Today’s Russia is a very rich country – thanks to the favorable situation on the world energy markets – with a poor population. According to a poll held by the Levada Public Opinion Center late last year, 77 percent of the Russians feared a further price growth and a decline in their well-being in 2006, while 52 percent feared an economic crisis and the ruble’s devaluation. The better the general macroeconomic figures, including the level of consumption and living standards, the stronger the subjective feeling of injustice and of being cheated. The annual growth in the number of Russian billionaires in the list of the world’s richest people as estimated by Forbes (in the latest edition there are 44 of them) convinces ordinary Russians that the reforms have been good only for a very small group of people.

The above is directly relevant to the subject of our discussion. In the eyes of the larger part of the Russian population, the reforms of the 1990s were caused not by the bankruptcy of the Communist system but by actions of Western nations, above all the U.S., which imposed social, political and economic changes on Russia in their own interests. Accordingly, the perception of the reforms’ results tells on the attitude toward those foreign partners with whom these reforms are associated.

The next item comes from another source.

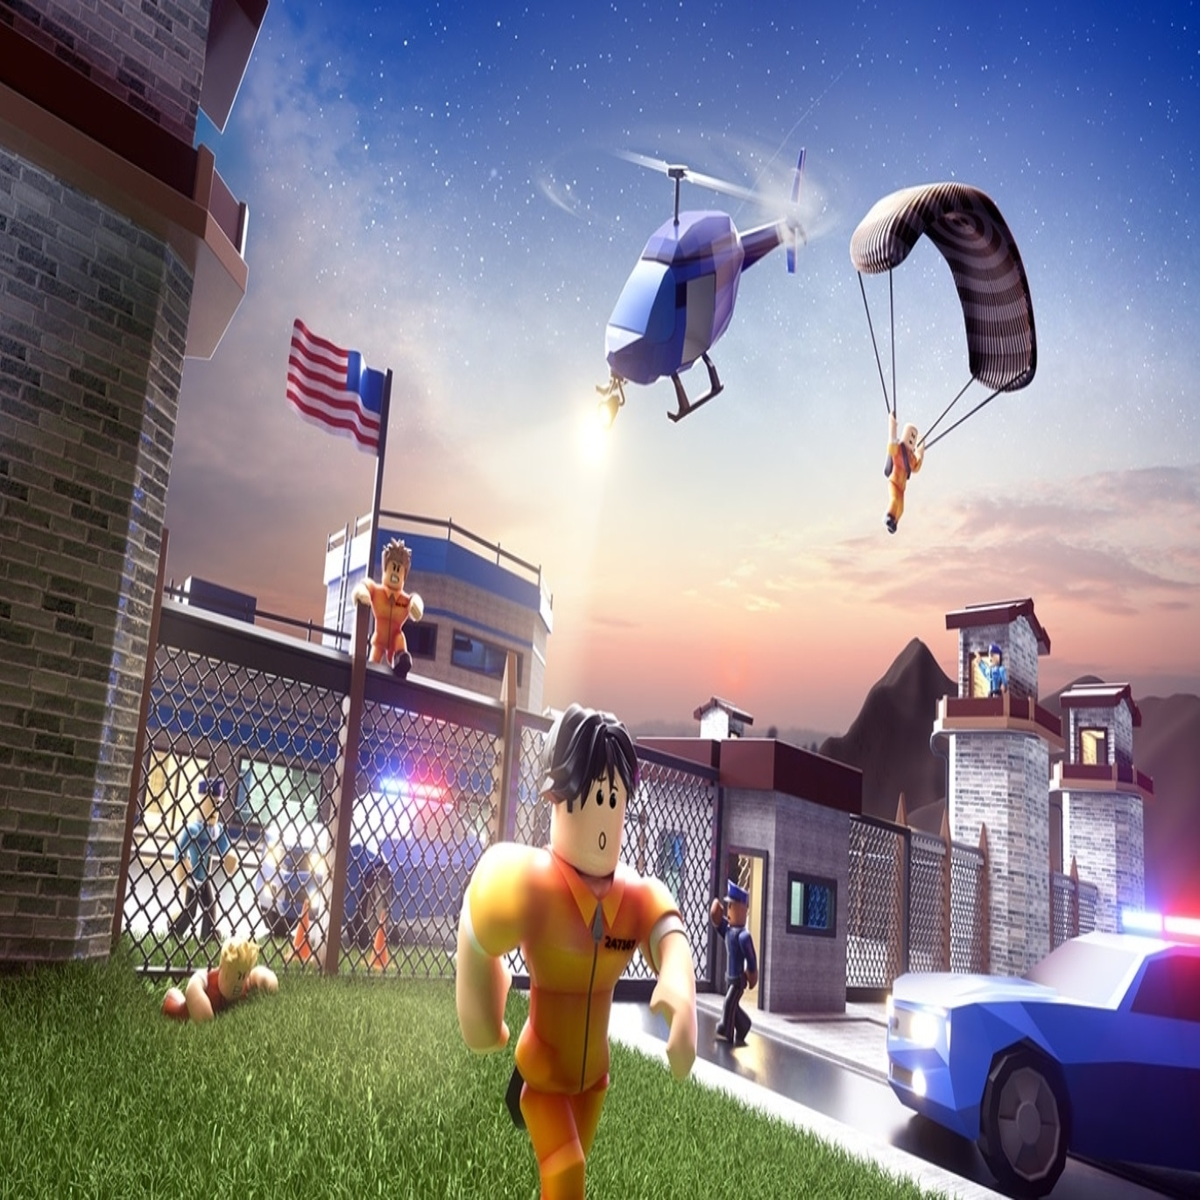 Sony wants Roblox on PlayStation despite “child safety concerns

The Soviet past has never been given a realistic assessment.

The epoch of the 1990s, marked by cataclysms and chaos, dispelled the illusion that Russia could, like other post-Communist states, become a “normal” Euro-Atlantic country meeting the Copenhagen criteria for EU membership.

Today, in the period of economic growth and stabilization of the centralized political system, the pendulum has swung in the opposite direction. The unprecedented resource abundance is creating another illusion that Russia has become so strong that it does not at all need someone else’s advice and that it can act without paying much attention to other countries’ reaction. I think this illusion will soon have to be abandoned as well.

To sum up, Russia is going through a difficult stage in its development, and the transition period is far from complete. The society is not ready yet to realize its new identity, both internal and external. After the 20 years of reform, we have achieved at least one fundamental result. Russians have tried all possible models for the country’s strategic development and become disappointed with each of them: first the Soviet model which proved unviable and bankrupt; then a pro-Western liberal model which brought about a bitter disillusionment with the very idea of democracy. Finally, there was an “Asian” model of authoritarian modernization, on which many pinned much hope at the beginning of Putin’s rule. Many Russians, even those who share liberal ideas, believed that there would emerge a strong and resolute leader who would restrict democracy while at the same ensure an economic breakthrough. However, such aspirations – even if they still exist among the Russian leadership – get bogged down in the quagmire of corrupt bureaucracy. Today it is clear that we are on the threshold of the emergence of some new model, but we can only guess what it will be like.